The first paragraph of Shema continues, with stressing our duty to teach Torah to our children, to talk of Torah always, and to put on phylacteries and place a mezuzah in our homes:
“You shall teach them diligently to your children, and shall talk of them when you sit in your house, and when you walk by the way, and when you lie down, and when you rise. You shall bind them as a sign on your hand, and they shall be as frontlets between your eyes. You shall write them on the doorposts of your house and on your gates” (Deuteronomy 6:7-9).
The words of the Shema are contained in the parchment within the mezuzah that we affix to the doorposts of our homes, and in the phylacteries that we bind to our arm and head. While praying, we wear phylacteries as a visible sign that God is close to our hearts and close to our brains, to show that our thoughts and emotions are directed toward God. The mezuzah shows that we are secure in God’s presence, and welcome him, always, as part of our households, where we try to incorporate His holy ways.
The Shema is who we are. It is ingrained in our hearts, our histories, our homes… our souls and our memories. Everyone has a Shema story and here is one more.
A woman sits with her grandchild at bedtime, ready to recite the Shema with her, to help her go to sleep feeling loved and protected through the wonderful three- minute ancient routine. But today, she first has a story to tell:
The story began when she was four years old. WW II had begun and her mother smuggled her into a monastery in Lithuania, hoping the nuns would hide her little Jewish girl until after the war. “I will return”, she promised. “But meanwhile, remember you are a Jew, daughter of the Chosen Nation. They will teach you the ways of a new religion. During the day, keep your Judaism hidden from those who wish to destroy your people. But at night, allow your pure Jewish soul to turn to G-d with the words of the Shema and He will send angels to watch over you.”

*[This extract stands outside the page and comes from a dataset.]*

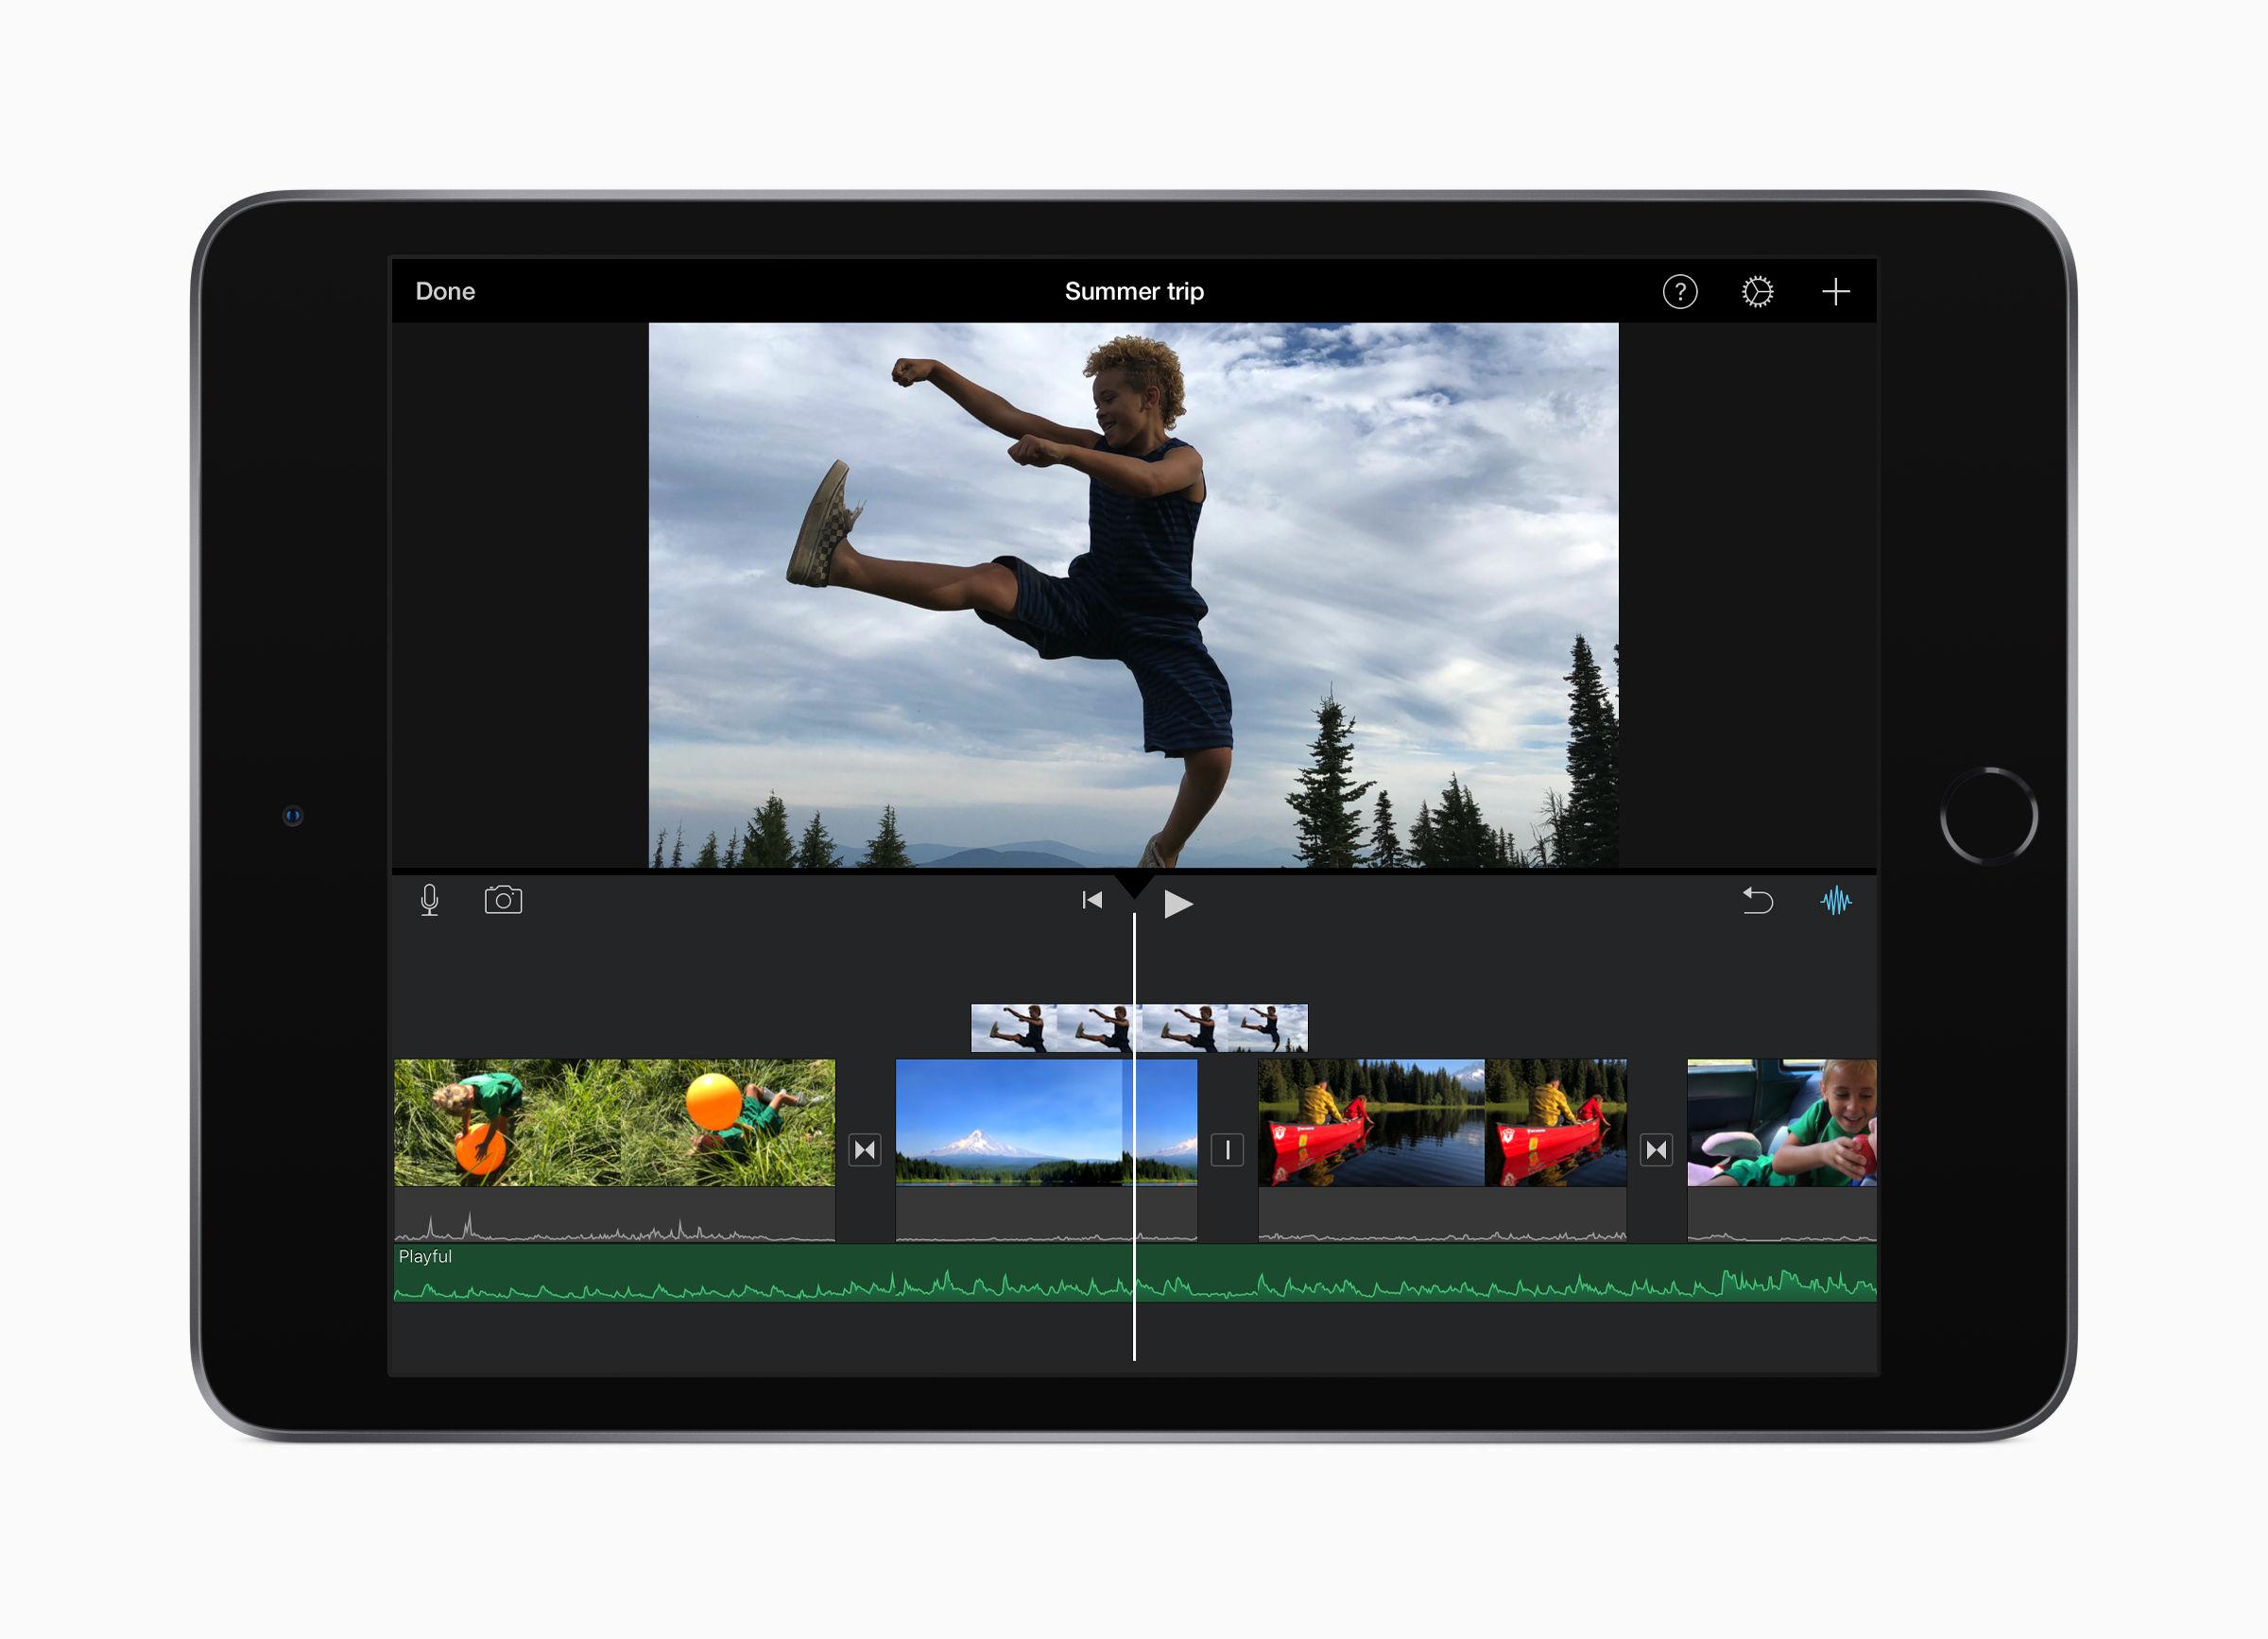 Ipad Air 2019 Vs Ipad Mini 2019 Vs Ipad Pro 2018 Vs

The mother never returned. But the girl didn’t forget her words. And every night, she would huddle under her cover and mumble the words of her people. One night a man came into the room where the girls slept. “He was tall and wore a black hat. He turned to the nuns, standing at the doorway and said he had come for the Jewish children. It was time to take the Jewish children home. He had to find out who we were. He stood on a chair and turned to us in our beds. And with tears running down his cheeks into his long white beard, he started reciting the Shema. I found myself joining in and soon I heard Patricia and Annette and Miriam, from the beds nearby, haltingly reciting the words, too. All of us with Jewish souls joined in. We ran up to him, surrounded him. And so, with hands joined, with tears and song, we left the monastery with this man who returned us home to our land.”